Task brief
Omit any pictures, and restate word for word only the lines from the one with "Apple-Logo-Png-Download.png" through the end of the data below.

Data extract
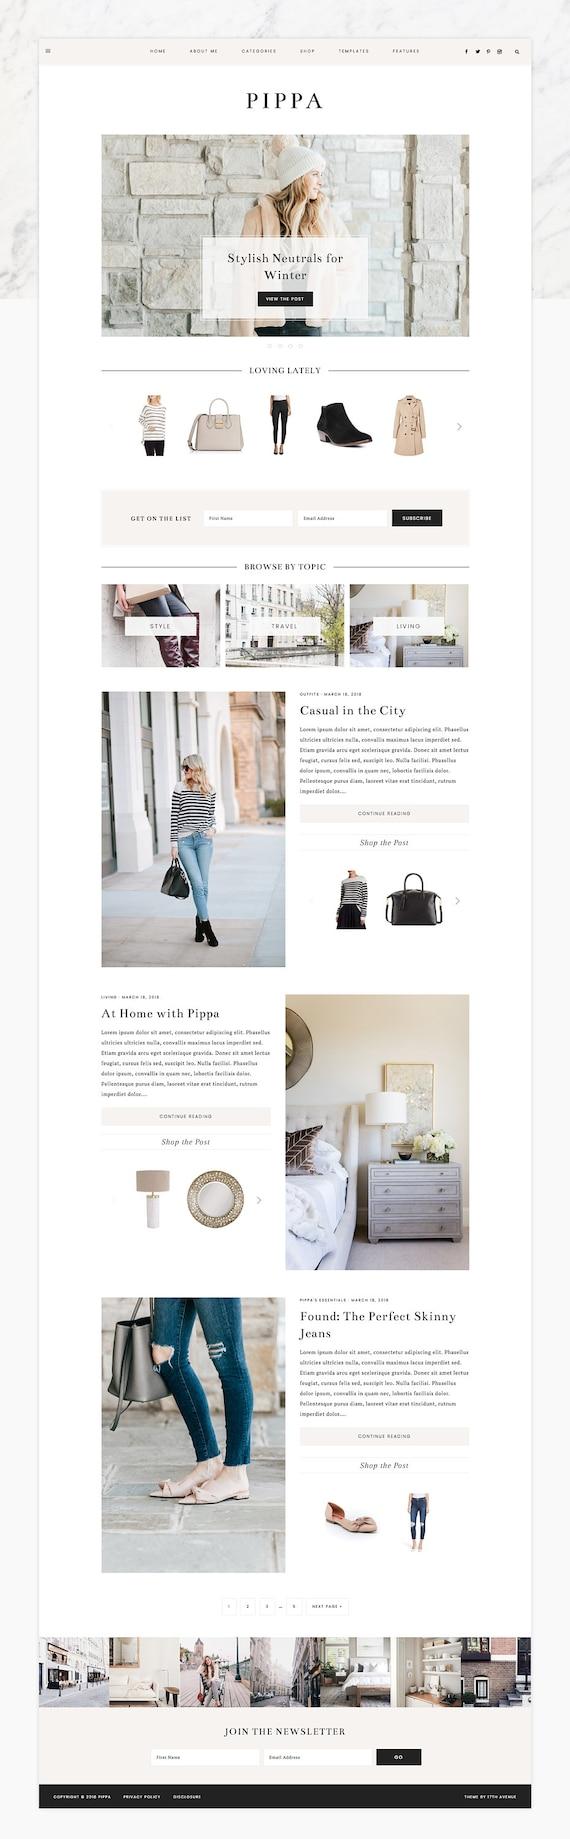 "NEW Wordpress Theme - Wordpress Ecommerce Theme - Fashion Theme - Genesis Theme - ""Pippa"" Instant Digital Download"
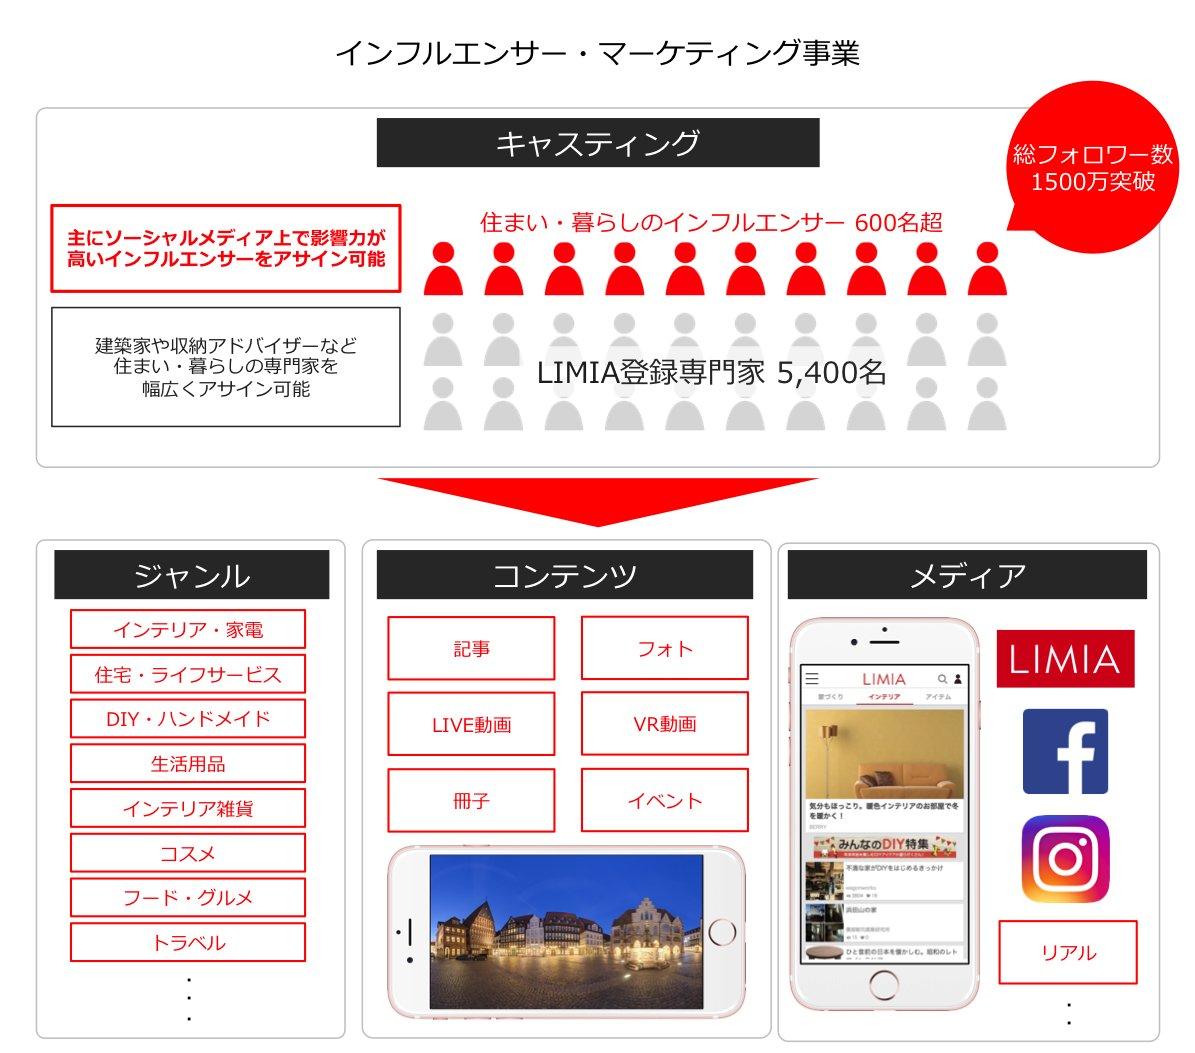 LIMIA(リミア)、住まい・暮らしのインフルエンサーネットワーク 総フォロワー数1500万突破 https://t.co/ix0DkiivZo
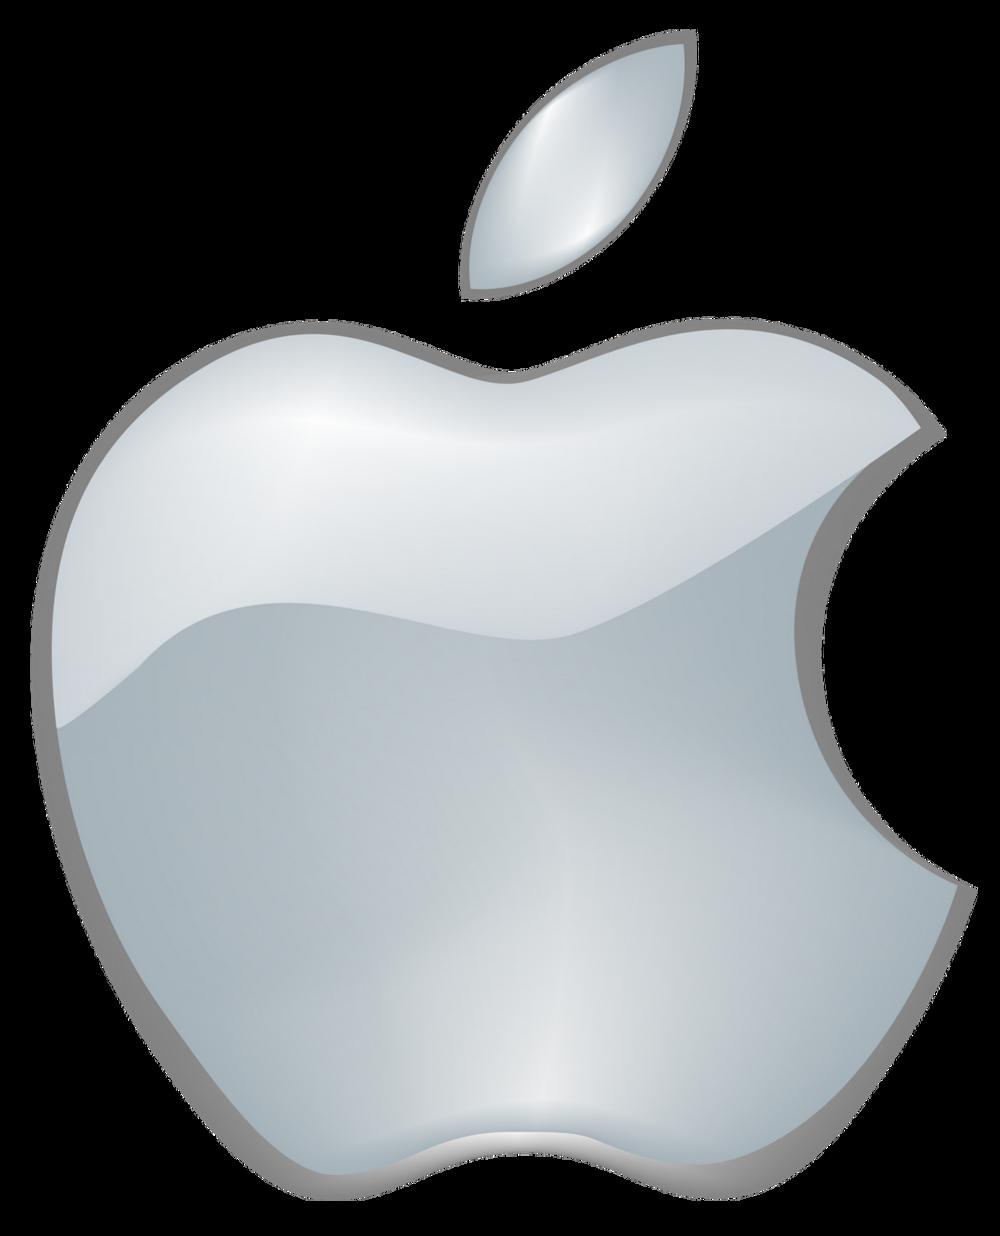 Apple-Logo-Png-Download.png
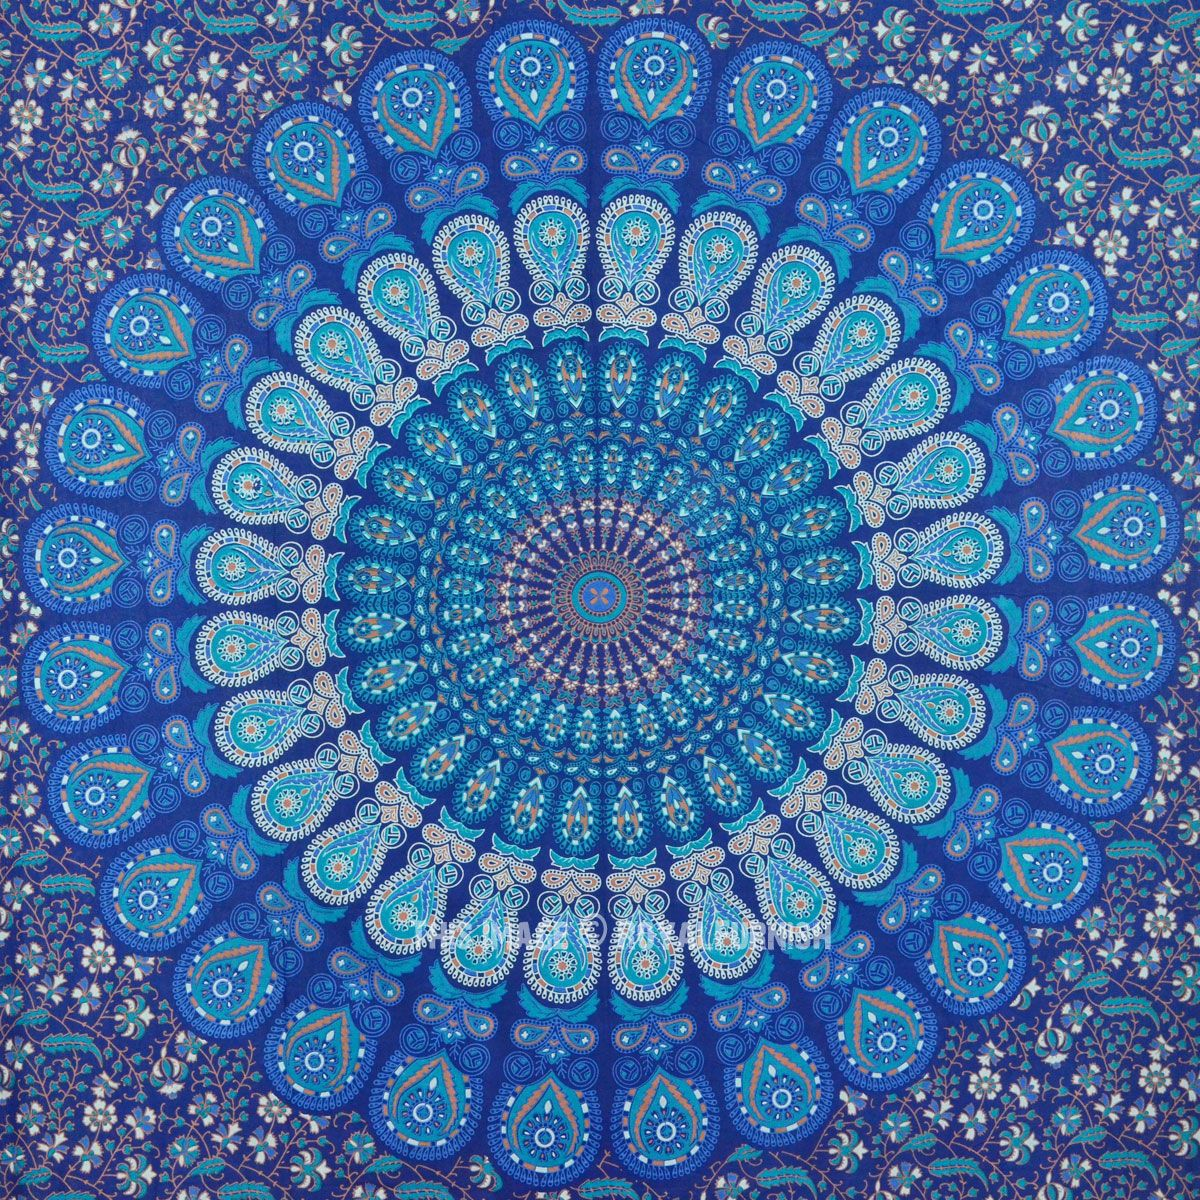 Blue multi elephants sun ombre mandala wall tapestry royalfurnish - Twin Indian Blue Hippie Mandala Tapestry Wall Hanging Boho Gypsy Decor Royalfurnish Com

Your solution
 Apple-Logo-Png-Download.png
 Blue multi elephants sun ombre mandala wall tapestry royalfurnish - Twin Indian Blue Hippie Mandala Tapestry Wall Hanging Boho Gypsy Decor Royalfurnish Com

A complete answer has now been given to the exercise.